Teresa García, quien desde hace dos años trabaja en una clínica ubicada frente al ilegal basurero, señaló que algunos vecinos acuden todos los lunes al Distrito I de la Alcaldía de Managua, ALMA, y hasta llevan fotos para evidenciar el problema y pedir una solución, pero hasta el momento no ha habido respuesta.

La ciudadana indicó que la última vez que trabajadores de la ALMA llegaron a limpiar el lugar fue hace tres meses, y que aunque el camión recolector pasa tres veces a la semana, nunca se lleva toda la basura, que incluye desde desperdicios domésticos hasta material selecto, y que incluso ya ocupa parte de la calle.

García aseguró que muchos clientes de la clínica se han quejado por la mala impresión que causa el basurero, y han sugerido denunciar el caso ante la sede central de la municipalidad.

Dos trabajadores de casas aledañas y un joven vecino, que prefirieron no dar sus nombres, confirmaron que la Alcaldía no responde a los llamados de los afectados, y dijeron que ni siquiera cuentan con la alternativa de pedirle al dueño del terreno que lo limpie y lo cerque, pues no lo conocen.

Pasadizo de ladrones

En el inmueble ubicado al costado Oeste del terreno baldío funcionan oficinas de archivo del Instituto de Medicina Legal.

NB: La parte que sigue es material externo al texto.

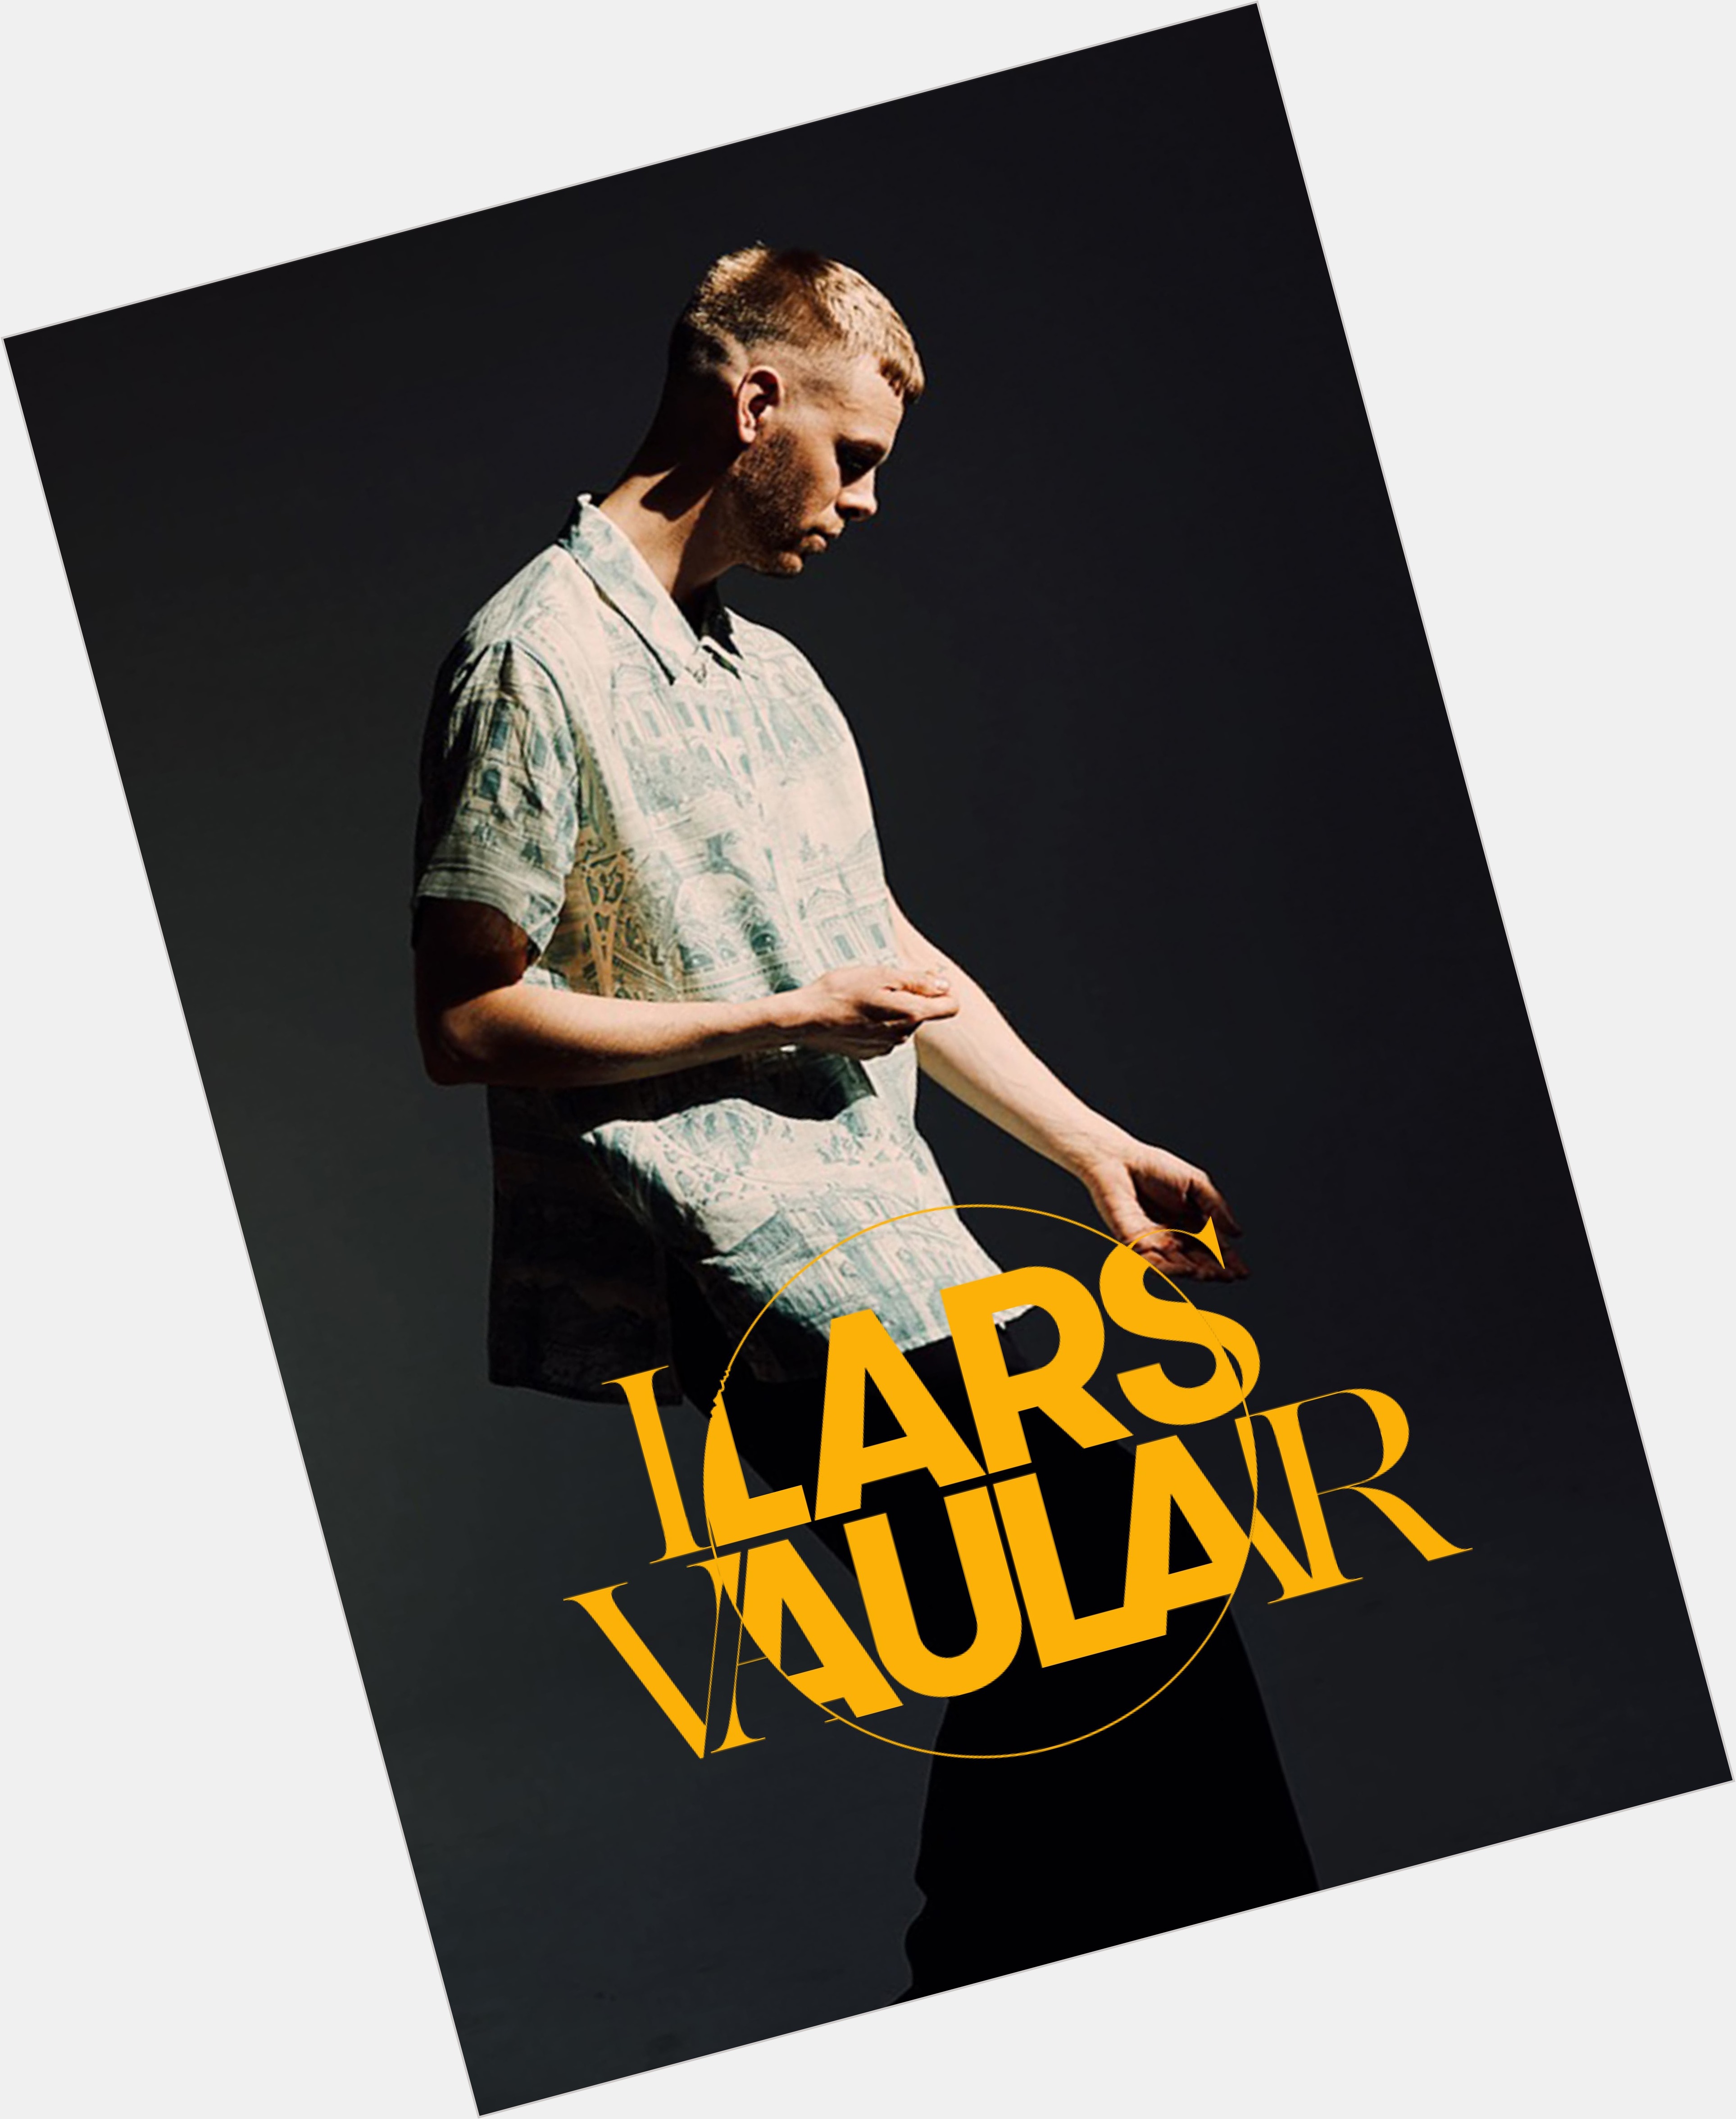 Lars Vaular dating 3

Aquí, uno de los vigilantes que no quiso dar su nombre, aseguró que el lugar en cuestión también sirve de pasadizo para ladrones que operan en la zona. “¿Quién se va a meter allí para perseguirlos?”, se preguntó.

El vigilante agregó que, a veces, las mismas personas que llegan tirar la basura, queman los desperdicios, razón por la que varias veces él y otro vecino han tenido que salir apurados a apagar el fuego, pues las llamas han estado a punto de alcanzar los alambres de los postes de electricidad.